Internal controls are accounting procedures or systems that are designed to assure the implementation of a policy or to remove the opportunity for fraud. An example of an internal control is the way tithing is processed in the Church of Jesus Christ of Latter-day Saints. The rule is, tithing can only be handed to a member of the bishopric and that tithing must be counted and recorded by two members of the bishopric or the ward clerk. The controls limit the opportunity (temptation) for fraud.
Consider the principle behind internal controls: with reduced opportunity to make a bad decision, the probability of making a bad decision decreases. This sounds a lot like the idea of fleeing temptation. Think how modesty on at least some level is designed to reduce the probability of bad decisions. Think of the other counsel from church leaders on how to avoid temptation. The principle is widely-used.

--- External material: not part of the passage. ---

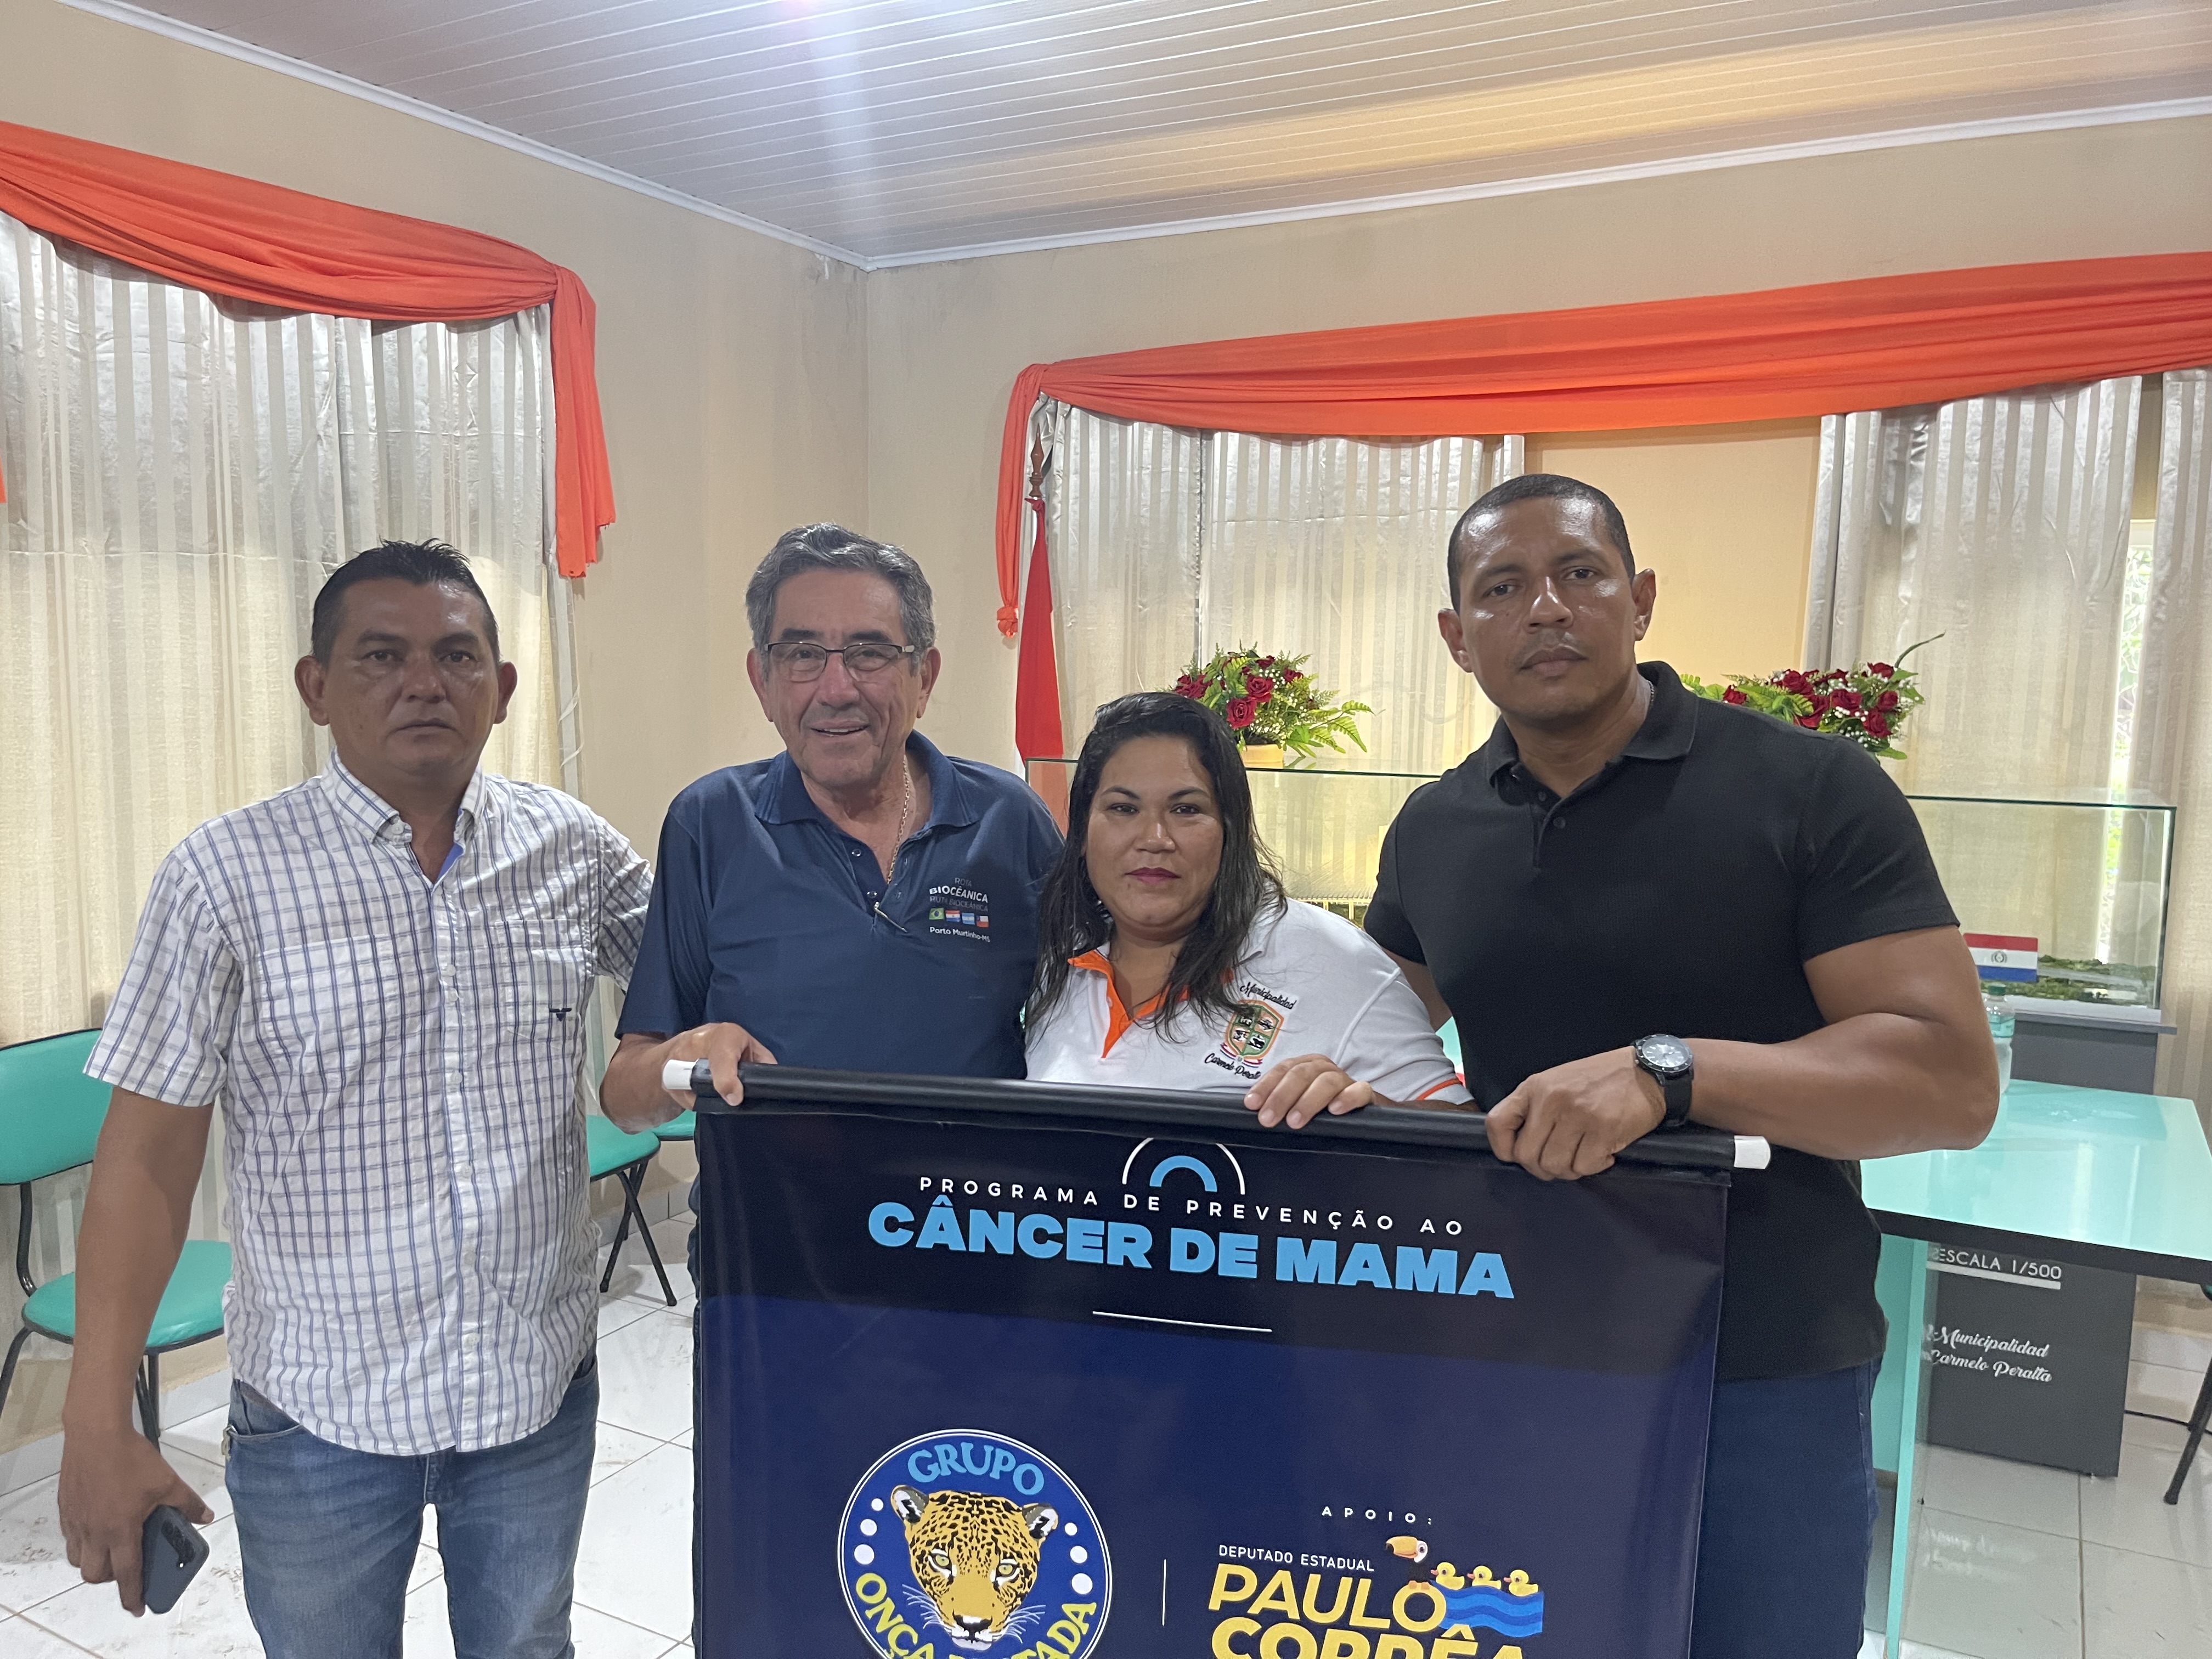 Projeto Onça Pintada do Deputado Estadual Paulo Corrêa chega a Porto Murtinho e Carmelo Peralta para Combate ao Câncer de Mama

I've found that reducing opportunities for me to make bad choices has helped me considerably in choosing the right. For example, I know that I have a tendency to spend too much money--more than I have sometimes--but I know that if I have no access to money, I can't spend it. I've found that just leaving my credit and debit cards out of my wallet, I spend less money. It's that simple, but it works.
The principles behind internal controls can be applied to aid in preventing bad choices. Identifying the factors that contribute to bad choices and then reducing them with rules or controls works.